しかし格好はほっかむりを鼻の下だと思われる場所で結んでおり、誰から見ても盗む側のスタイルである。


「見て! 真犯人への怒りのあまり、下着を見ながら興奮している!」

「彼奴が真犯人しか見えねーぞ!?」


……という、殺せんせーを実況していた不破と寺坂のツッコミが繰り広げられていた時だ。


「! ねぇ、あっち」

「……誰か来た」

「黄色い頭の大男……!」


途中途中で身を隠しながら走るその人物……黄色い頭に大柄な男。
黄色い頭は黄色のヘルメットで、その服装はどこか普段殺せんせーが身に付けているものと酷使している。

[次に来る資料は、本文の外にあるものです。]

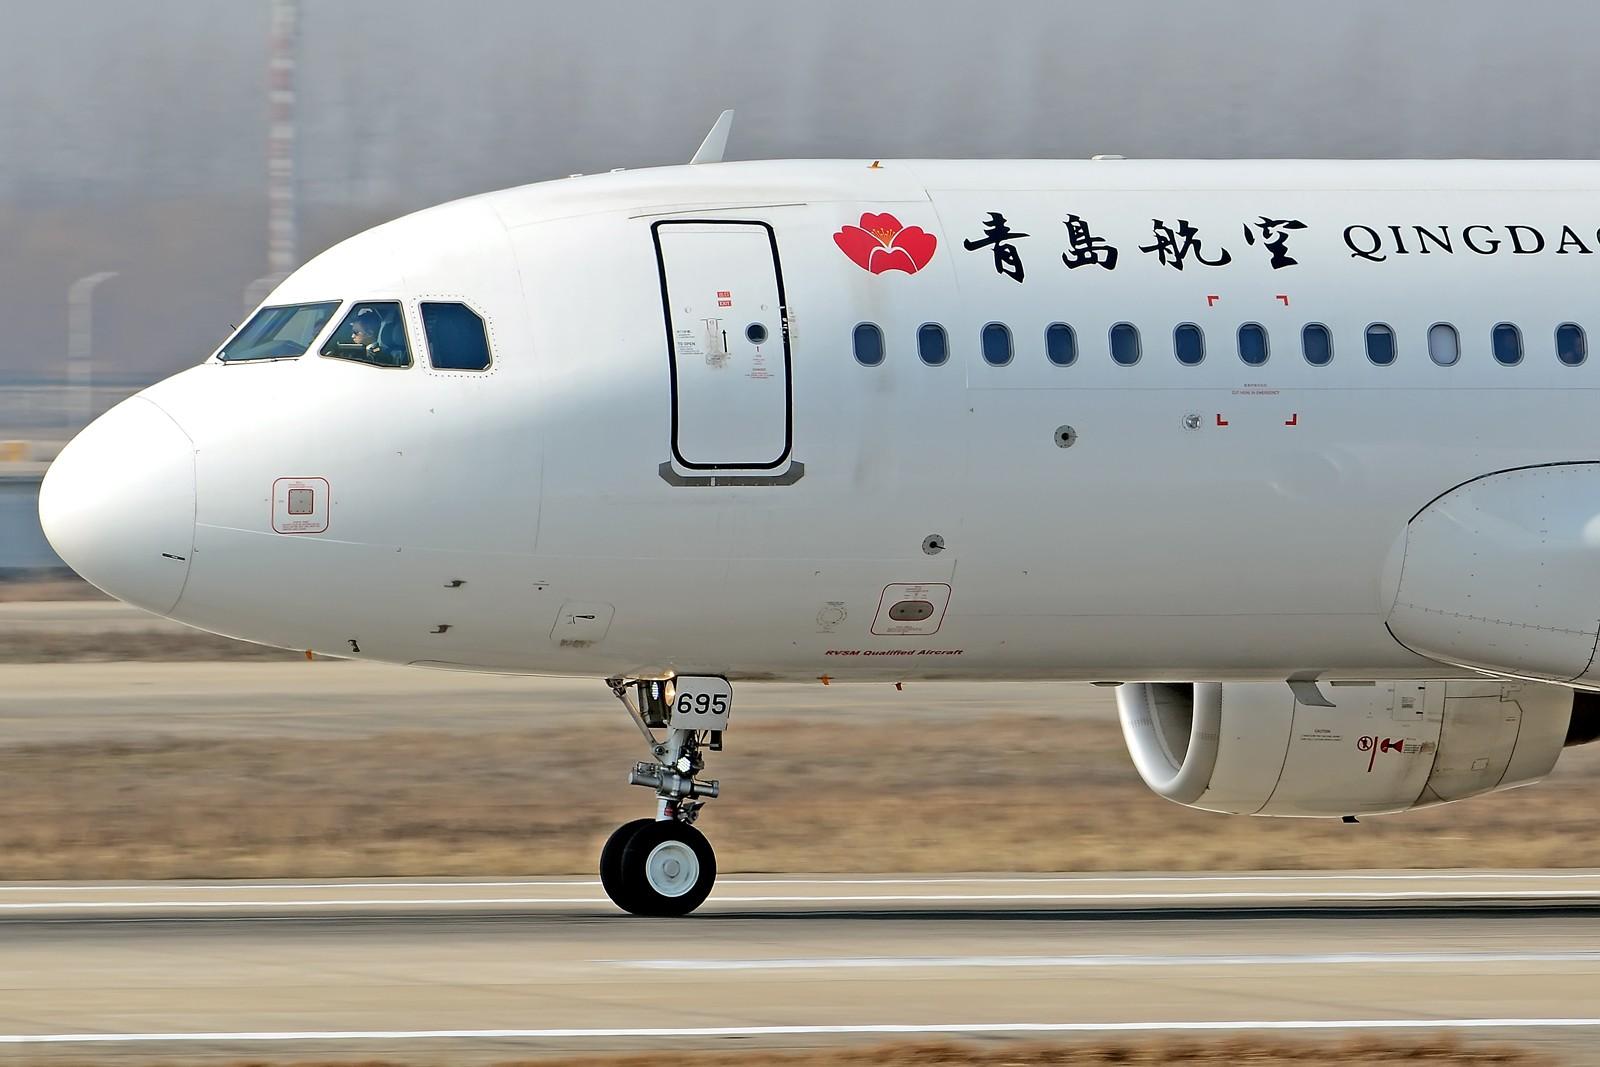 Re:[原创]【合肥飞友会】二〇一八年会相聚霸都新桥拍机活动队伍不断壮大中 AIRBUS A320-200 B-1695 中国合肥新桥国际机场

それは間違いなく、彼らが仮説としてあげていた存在……真犯人である。


男は素早い動きで下着を盗んだと思えば、その場を走り去ろうとしているではないか!
……その時だ。


「捕まえた!!」


男を捕えたのは、彼らとは別の場所で身を隠していた殺せんせーだ。


「よくも私に化けて羨ましい真似してくれましたね!? 丸裸にして隅から隅まで手入れしてやります……!!」

「なんか下着ドロより危ないことしてる人みたい……」

「笑い方も報道通りだしね〜」


殺せんせーの行動を遠目で見ていた生徒ら。
端から見れば危ないことをしているのは殺せんせーに見えるだろう……。


「さあ顔を見せなさい、偽物め!!」


殺せんせーが男が被っていたヘルメットを取った!
黄色のヘルメットに隠されていた素顔は___


「あ、あの人確か___烏間先生の部下の……!」


そこにいたのは烏間の部下……即ち防衛省の人間だったのだ。


「貴方が……なんでこんな___!?」


突如響いた爆音。
それは殺せんせーを囲うように現れたのは、白い布で作られた檻。


「国に掛け合って、烏間先生の部下をお借りしてね……。この対殺せんせーシーツの檻の中まで誘っていただいた。君の生徒が南の島でやった方法だ。若者の発想は柔軟だね。当てるよりまずは囲むべし」

「この声は……!」


そして、何の抵抗もなく平然と真実を語りながら現れたのは……シロだ。


「さぁ殺せんせー、最後のデスマッチを始めようか」


シロが指を鳴らす。
それを合図に現れたのは___


「殺せんせー、お前は俺より……弱い」


触手をうねらせながら殺せんせーの元へ落下していく少年___堀部糸成だった。



『反応あり! 北の方角だ!』

「ちっ、通りで中身が違うわけだ」


シロと同じ格好をした人物が倒れている中心に立つ、黒いマントを身に纏った人物。
周りには暗くて目立たないが、血が飛び散っているように見える。


「常に監視していろ。何か動きがあったらすぐに言え」

『了解』

「……逃がすものか、絶対に……!!」


フードの奥から見える水色の瞳は、月の光を浴びて鋭く光っていた。
その声は焦りと同時に殺意を含んでいるように聞こえた。